Input data
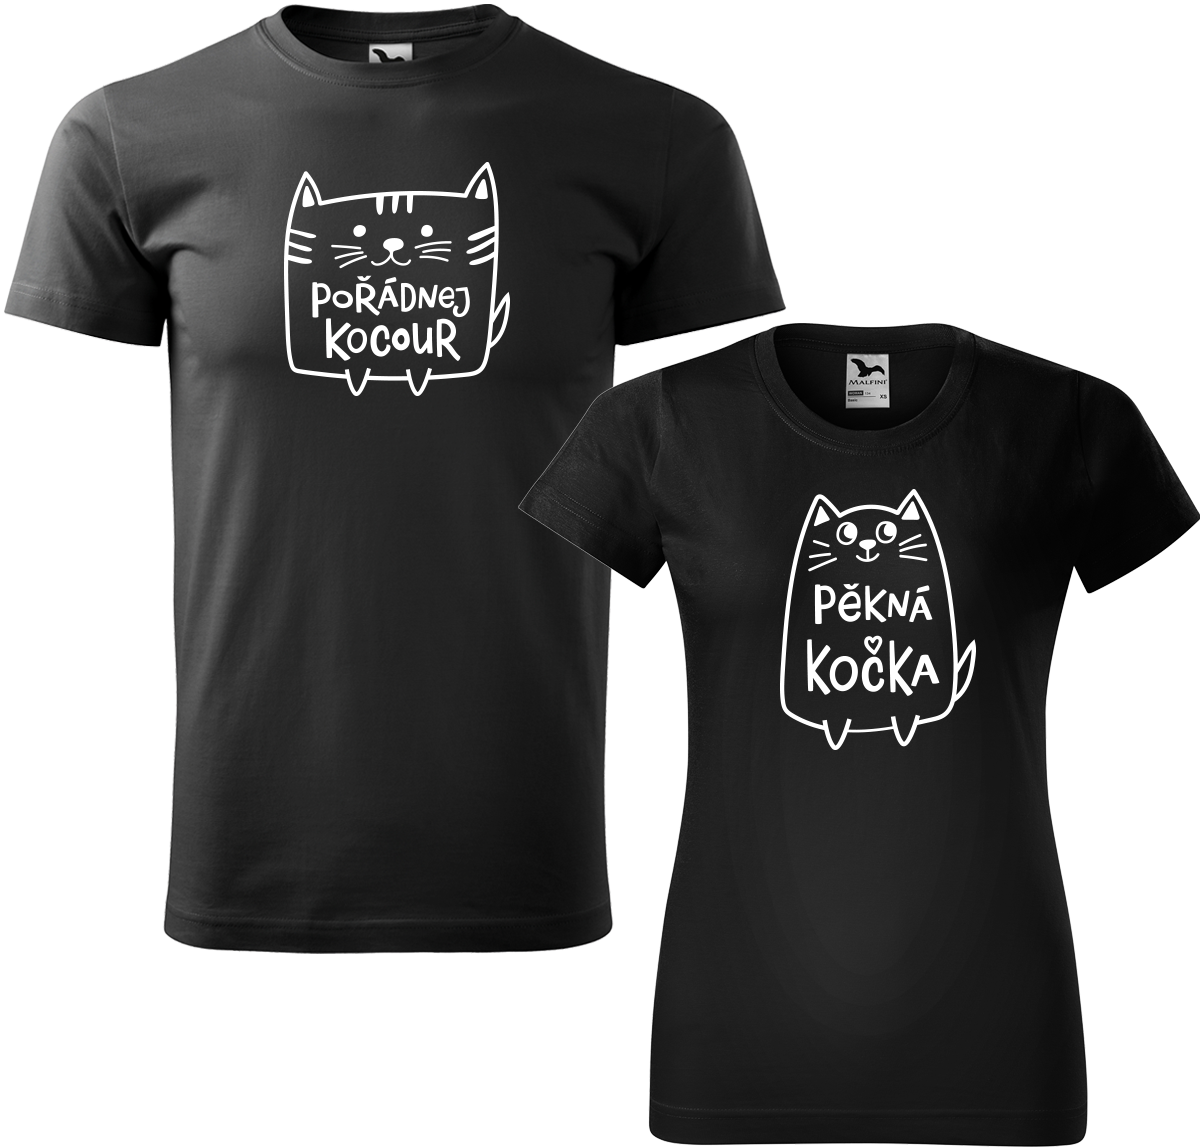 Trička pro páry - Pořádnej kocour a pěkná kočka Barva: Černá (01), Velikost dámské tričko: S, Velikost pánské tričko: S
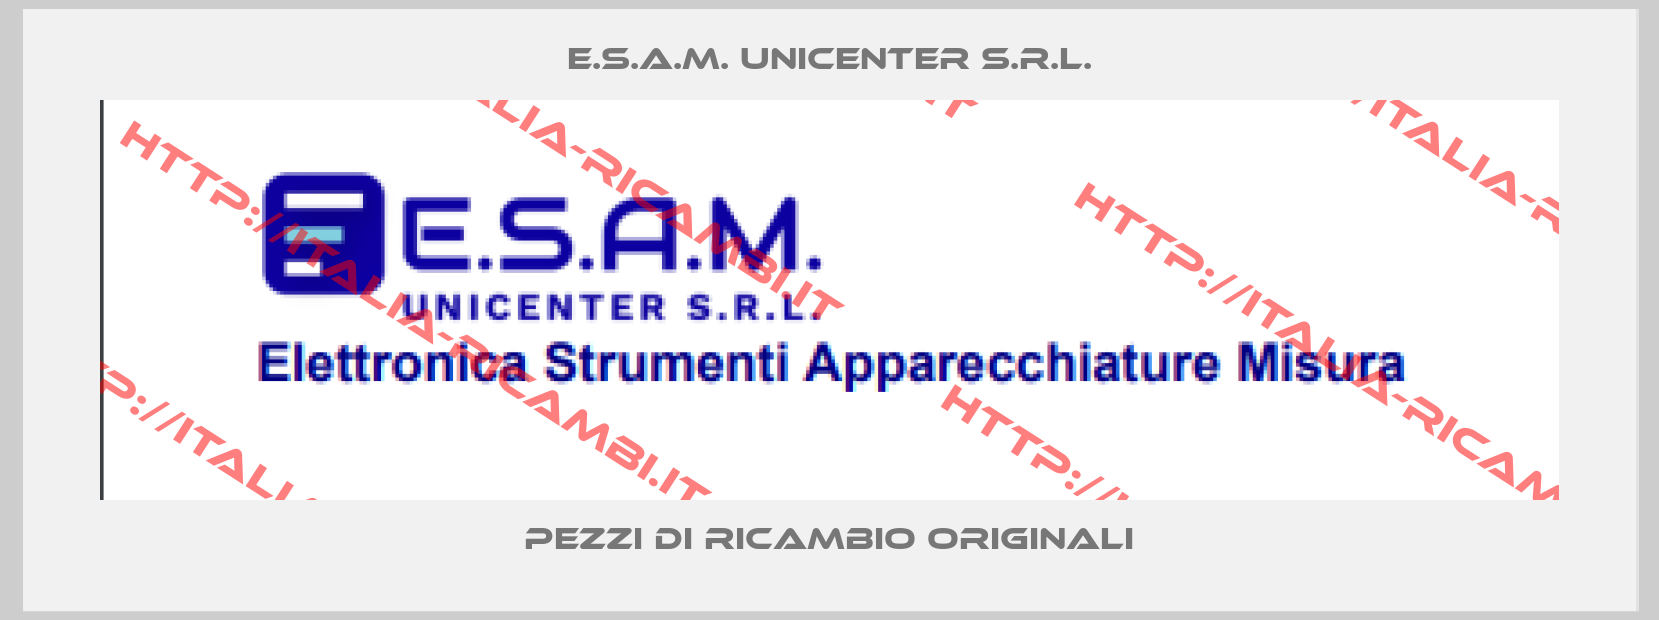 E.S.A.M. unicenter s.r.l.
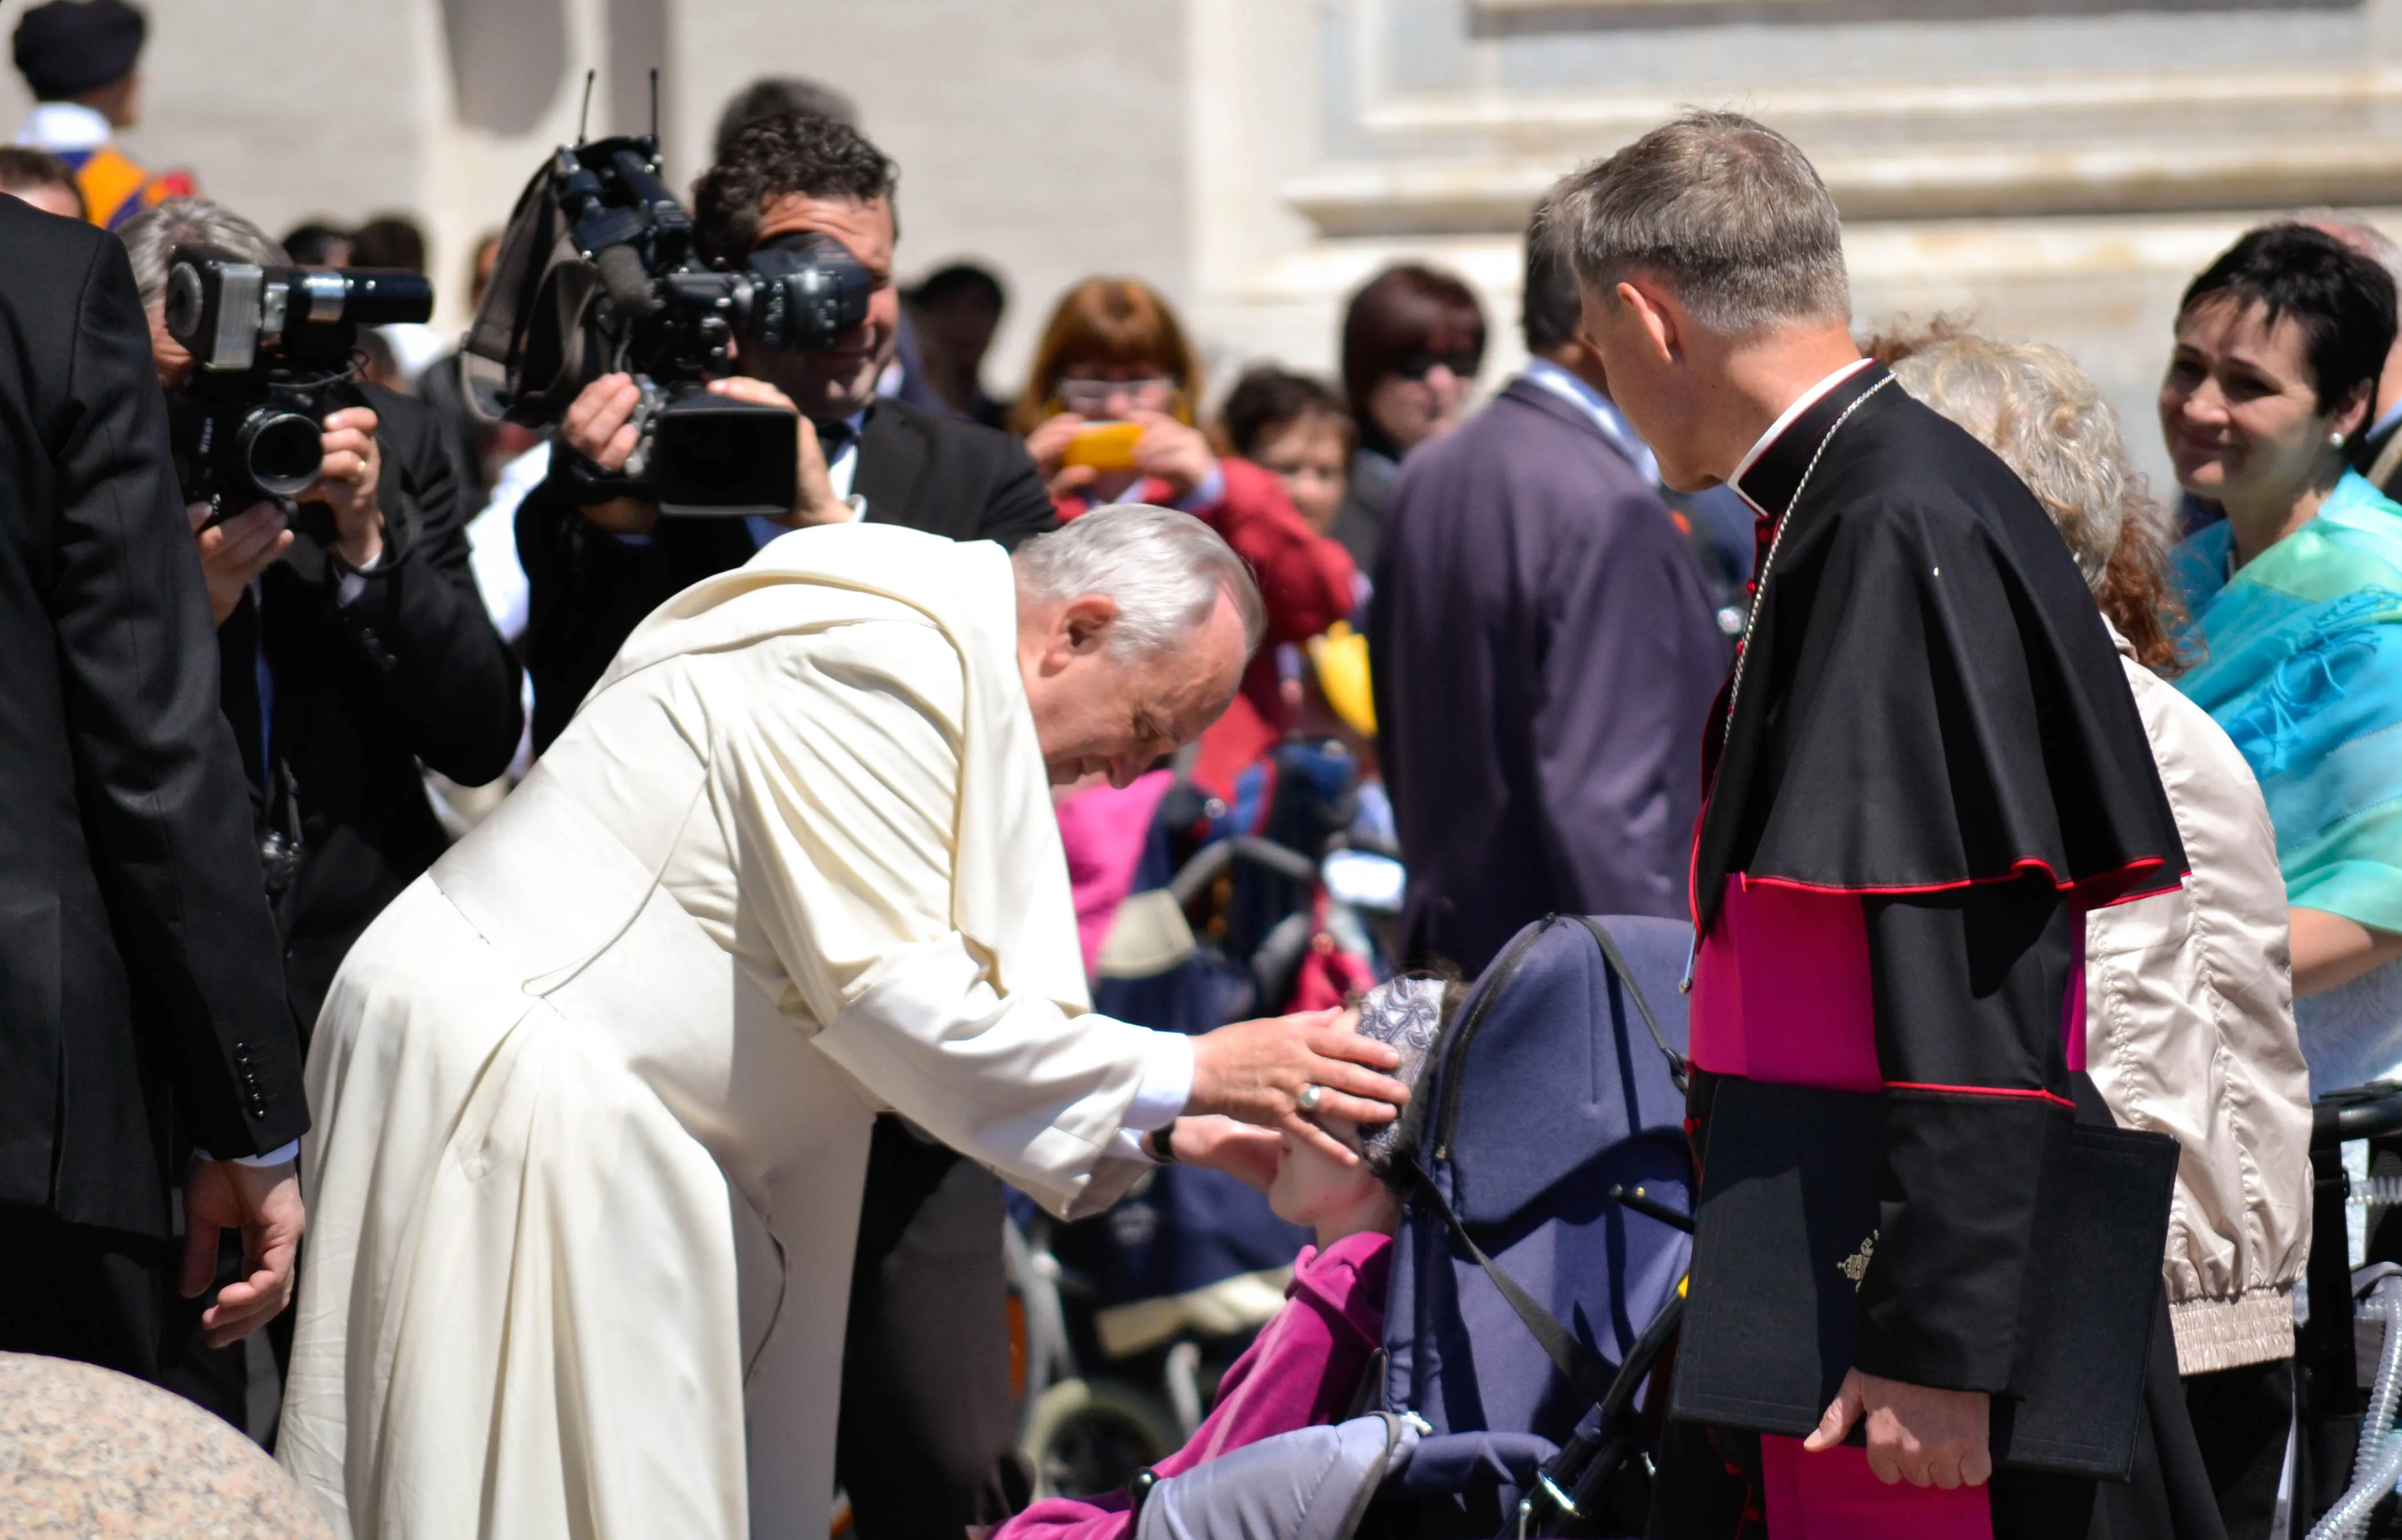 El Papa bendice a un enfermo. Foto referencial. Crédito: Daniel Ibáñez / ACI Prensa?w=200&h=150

Work required
Leaving out every picture, extract verbatim the lines from the one containing "E.S.A.M. unicenter s.r.l." through the last line of the listing, inclusive.

Response
 E.S.A.M. unicenter s.r.l.
 El Papa bendice a un enfermo. Foto referencial. Crédito: Daniel Ibáñez / ACI Prensa?w=200&h=150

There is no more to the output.